A mathematical view of voting systems

Why voting systems can never be fair

post

Soon after I began my undergraduate degree, Barack Obama won the 56th United States presidential election. The next day, my pure maths tutor asked me if I had followed it closely, saying that elections really interested him. I was surprised to hear this: surely the only maths involved was adding up the number of votes?

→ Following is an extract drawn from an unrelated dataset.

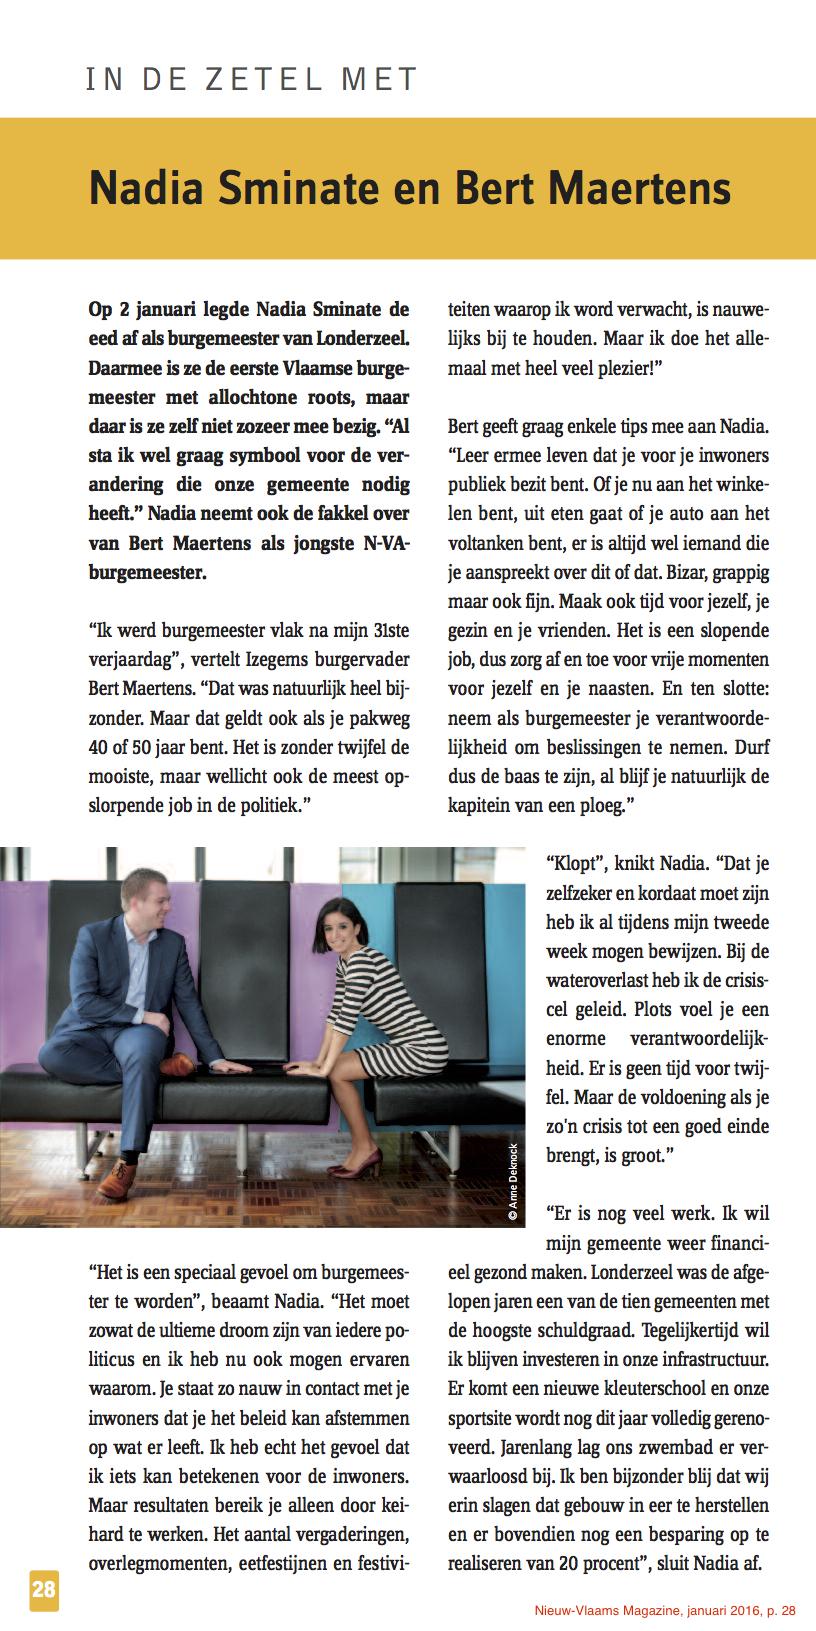 Nieuw-Vlaams Magazine, januari 2016

In reality, voting systems hold considerable interest for mathematicians, and there are several mathematical results and theorems concerning electoral processes. The main thing that I like about the language of mathematics is that it allows us to make extremely precise statements without ambiguity and, as you’ll see, we can make precise mathematical statements about voting systems—with some surprising results.

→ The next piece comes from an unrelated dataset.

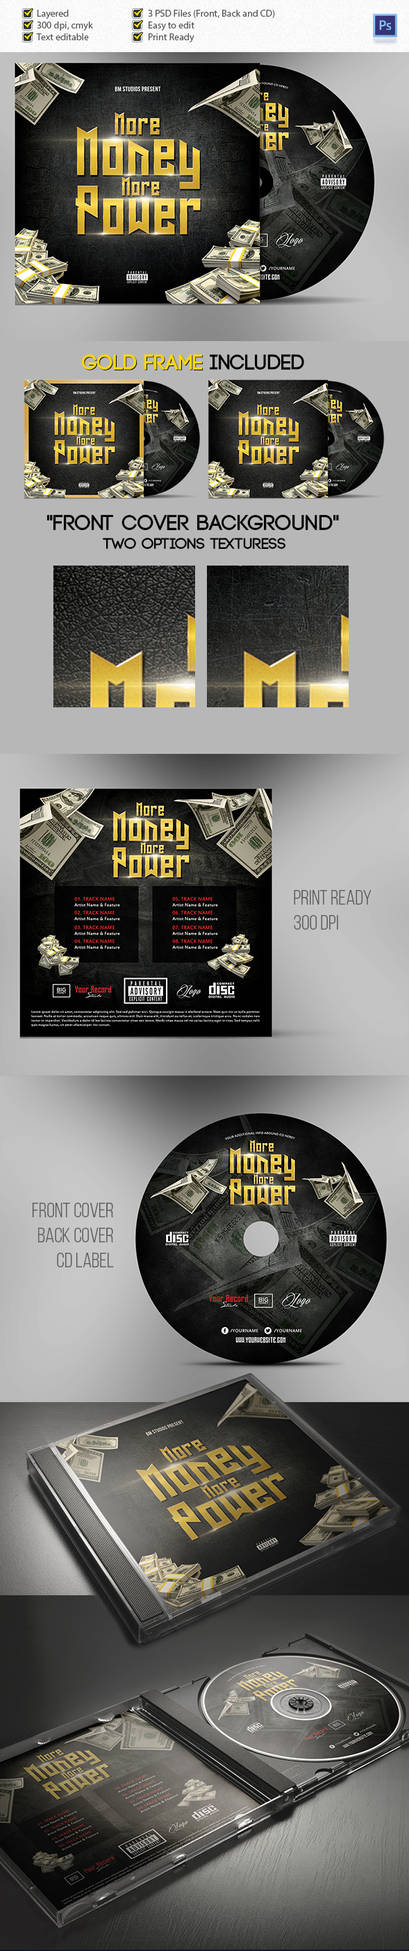 DVD Cover Art More Money More Power

Transitive preferences and voting systems

We define an electorate $E$ to be a vector of voters $\left(v_{1},\dots,v_{n}\right)$. Each voter $v_{i}$ has a ranking (with ties allowed) of the vector of candidates $C=\left(c_{1},\dots,c_{m}\right)$. We write $x\succ_{i}y$ to mean that voter $v_{i}$ prefers $x$ to $y$. The ranking is transitive, meaning that if $x\succ_{i}y$ and $y\succ_{i}z$ then we must have $x\succ_{i}z$. An interesting property of the votes is that if a majority of voters prefer $x$ to $y$, and a majority prefer $y$ to $z$, it does not necessarily follow that a majority prefer $x$ to $z$. A simple example with three voters is $x\succ_{1}y\succ_{1}z$, $z\succ_{2}x\succ_{2}y$ and $y\succ_{3}z\succ_{3}x$. I’ll use the notation “$\succ$”, without the subscript $i$, to refer to the preferences of a group of voters.

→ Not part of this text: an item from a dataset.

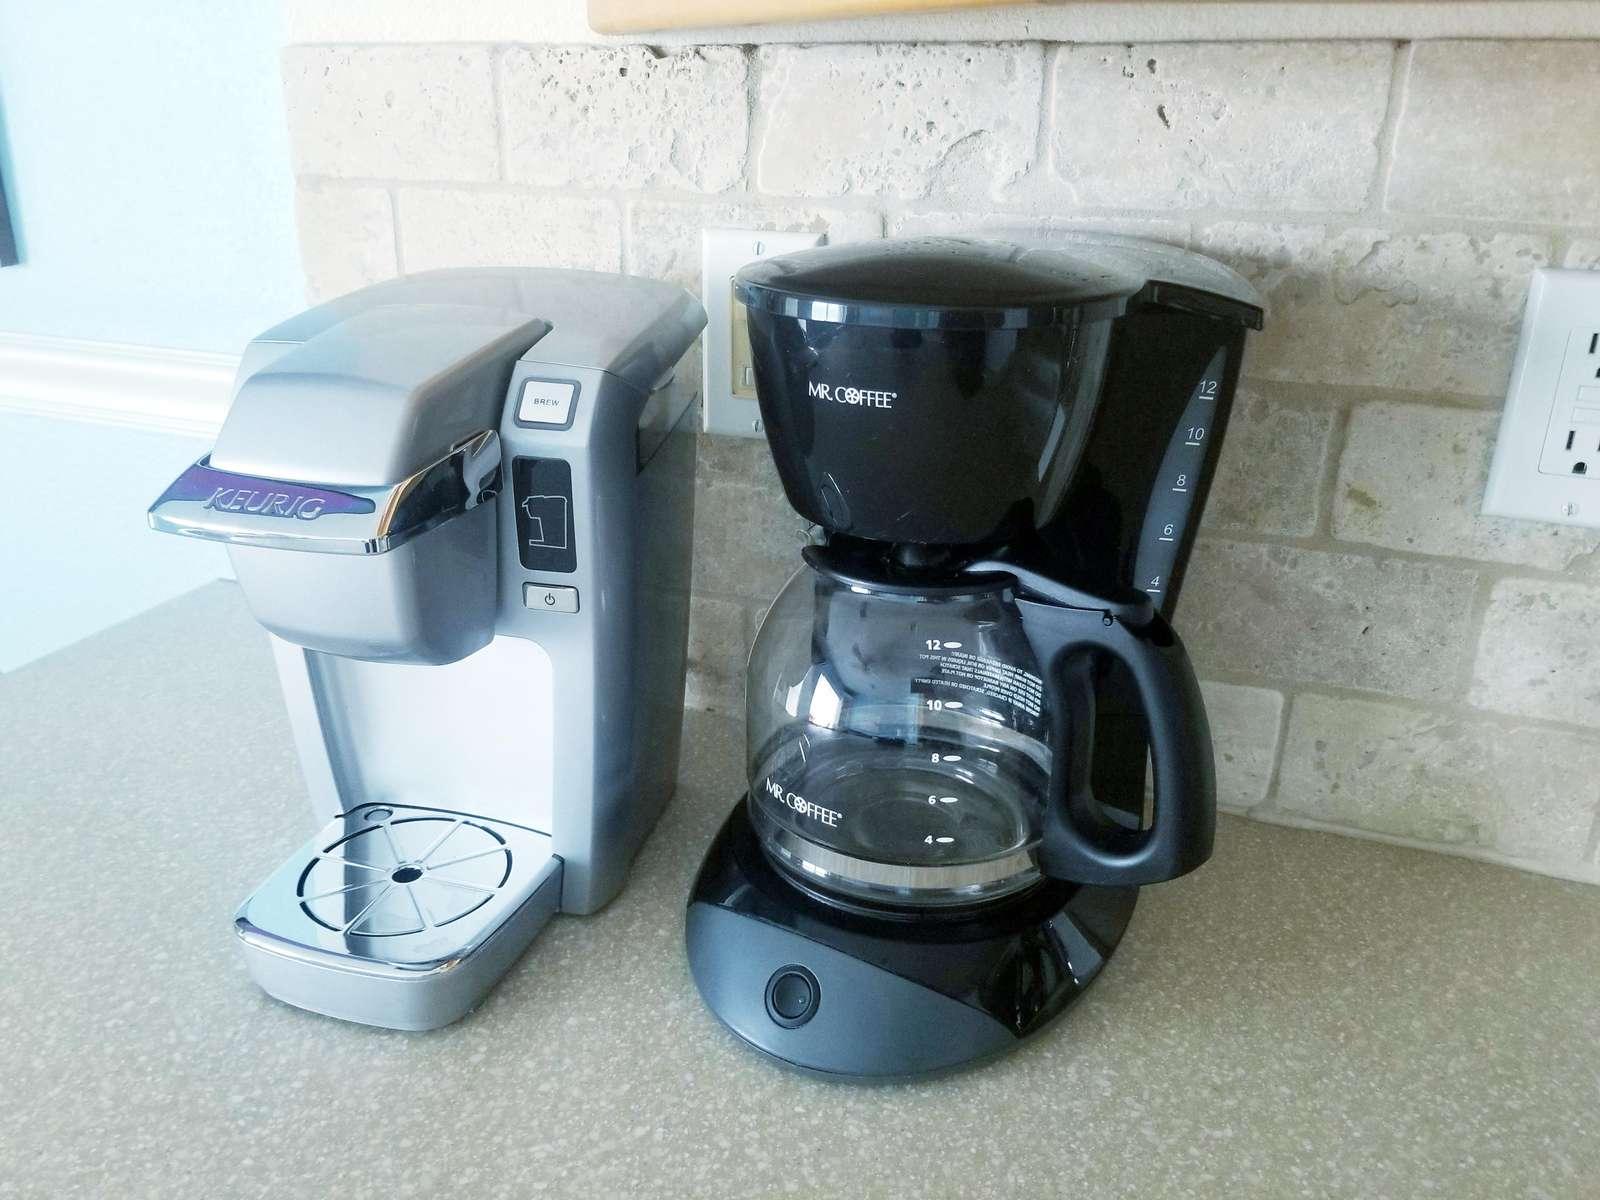 Coffee your way! Keurig or Drip Coffee Maker

A voting system is an algorithm that takes the voters’ preferences and outputs a relation between candidates, which we denote by “$\succ_{E}$”. So $c_{1}\succ_{E}c_{2}$ would mean that the voting system rated $c_{1}$ as preferable to $c_{2}$. The relation $\succ_{E}$ is also transitive. Formally, if $T(C)$ denotes the set of total orderings of $C$ then a voting system is a function $F:T(C)^{n}\rightarrow T(C)$, where $n$ is the number of voters.

In the case of two candidates, May’s theorem (1952) provides some good news. Consider a voting system that satisfies the following sensible conditions:

  • Each voter is given the same weight. (For any permutation $\sigma$ of the voters, $F(E)=F(\sigma(E))$.)
  • If we relabel the candidates then the result must be similarly relabelled. (For any permutation $\tau$ of the $m$ candidates, if $C$ is permuted to become $\tau(C)$ then $F (E)$ becomes $\tau(F(E))$.)
  • If $c_{1}\succ_{E}c_{2}$ or $c_{1}\approx_{E}c_{2}$ (the latter representing no preference between $c_{1}$ and $c_{2}$) and $c_{1}$ increases in popularity then $c_{1}$ must win. (If a voter $v_{i}$ changes their ranking from $c_{2}\succ_{i}c_{1}$ to $c_{1}\approx_{i}c_{2}$ or $c_{1}\succ_{i}c_{2}$, or from $c_{1}\approx_{i}c_{2}$ to $c_{1}\succ_{i}c_{2}$, then $c_{1}\succ_{E}c_{2}$).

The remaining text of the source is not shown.